Во вторую неделю нашего плавания погода изменилась. Море начало волноваться. Наш корабль, выстроенный на старинный лад и очень плохо нагруженный, страшно качался, и волны то поднимали, то бросали его вниз с такой силой, что шкипер боялся за то, чтобы мачты не сломались на нем, а я начал трусить за свою жизнь. Мы теперь двигались крайне медленно. Экипаж корабля пришел в самое скверное расположение духа. Капитан целые дни кричал на матросов, а матросы в ответ ворчали. Капитан ругался, а матросы отвечали ему дерзко, так что не проходило дня, чтобы между ними не происходили неприятности, кончавшиеся обыкновенно кулачной расправой. Были дни, когда матросы отказывались исполнять свои обязанности, и нам два раза пришлось даже пригрозить им оружием (я в первый раз в жизни носил при себе оружие), так как мы боялись, чтобы они не устроили мятеж.

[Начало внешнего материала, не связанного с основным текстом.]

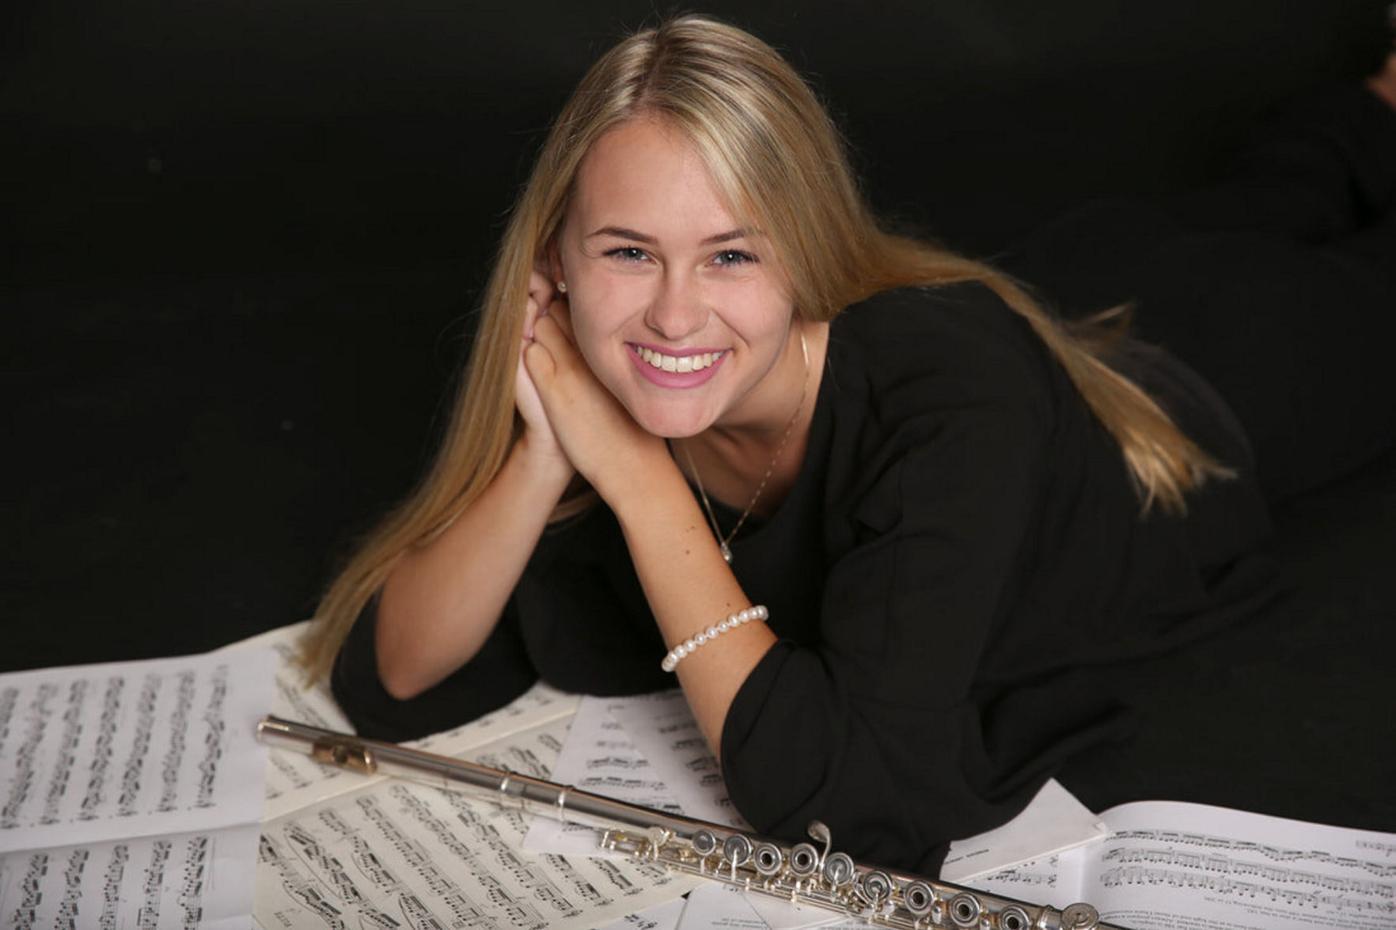 Samantha Humen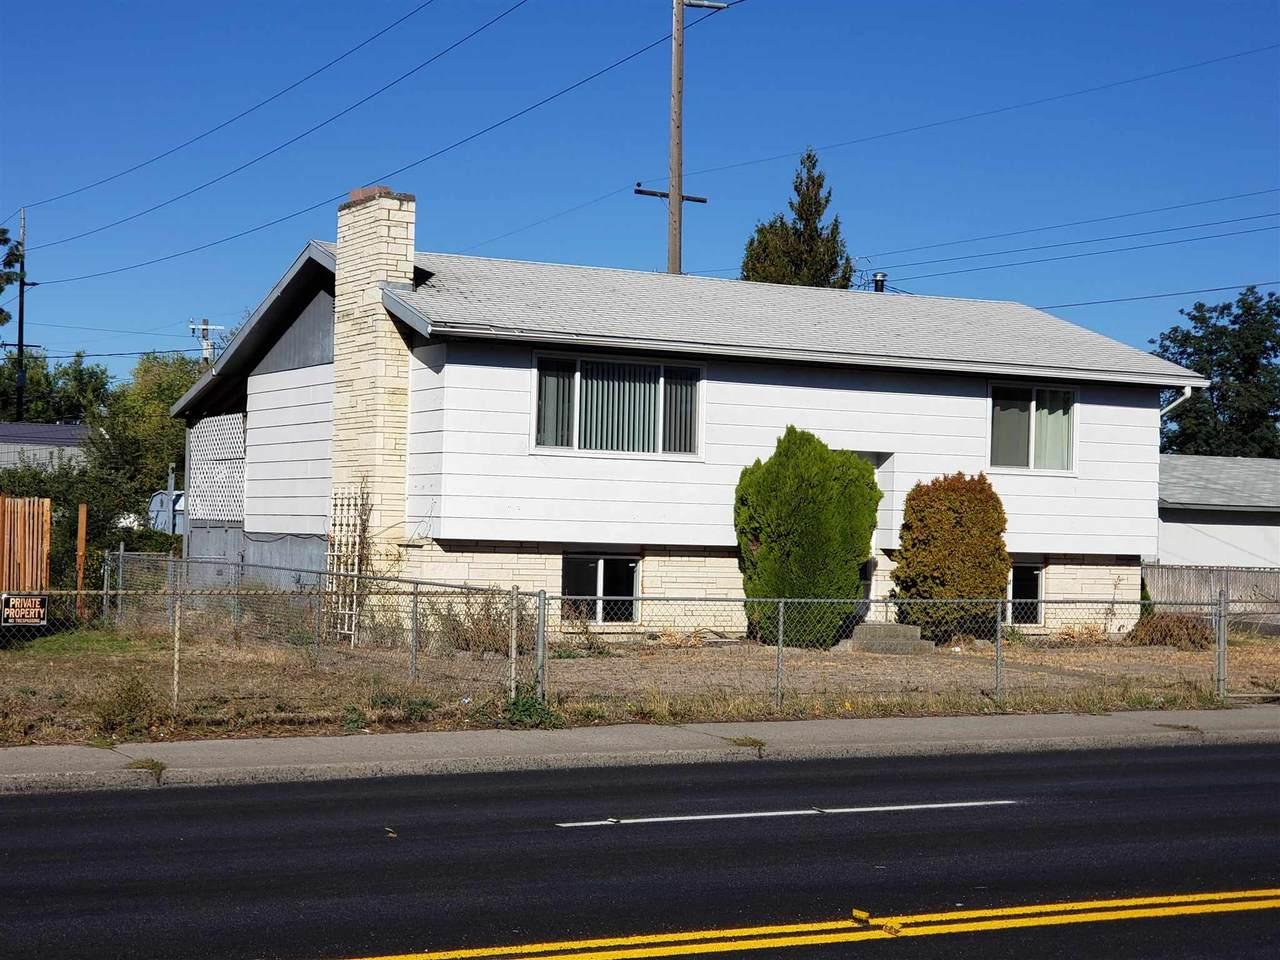 6109 Nevada St - Photo 1

Но вот поднялся такой страшный ураган, что мы были уверены в том, что корабль наш пойдет ко дну. Я с полудня одного дня и вплоть до вечера следующего пролежал в каюте; Баллантрэ лежал на палубе, равно как и Секундра Дасс, который съел сначала какую-то дрянь, а затем в бесчувственном состоянии упал на пол. Таким образом, я в продолжение суток находился в полном одиночестве и мог отдохнуть от общества надоевшего мне мастера Баллантрэ.
Сначала я чувствовал непреодолимый страх за жизнь, но затем чувства мои словно отупели. Спустя некоторое время после того, как я спокойно полежал, я начал даже испытывать некоторое удовольствие в том, что корабль наш трепало волнами. Мне пришло в голову, что если корабль пойдет ко дну, то ведь и враг лорда Генри утонет. Мастера Баллантрэ, в таком случае, не будет больше на свете, он погибнет, и лорд Генри навсегда избавится от своего врага. Я без всякого страха думал о том, что корабль, на котором я нахожусь, потонет, что волны затопят каюту, в которой я лежу, и что мне придется тонуть, так как вместе со мной должен погибнуть и враг моего патрона, и он навсегда освободится от него.
Около полудня следующего дня ураган начал утихать, а мне стало ясно, что буря успокаивается, и что в настоящее время нам не грозит уже больше опасность. Когда я убедился в этом, я пришел в некоторое уныние: я был настолько эгоистичен, что забыл даже о том, что кроме меня и мастера Баллантрэ есть еще и другие люди на корабле, забыл о матросах, плывших вместе с нами. Все мои мысли были исключительно направлены на мастера Баллантрэ. Я был крайне удручен той мыслью, что жизни его уже не грозит теперь опасность, и что он не погибнет.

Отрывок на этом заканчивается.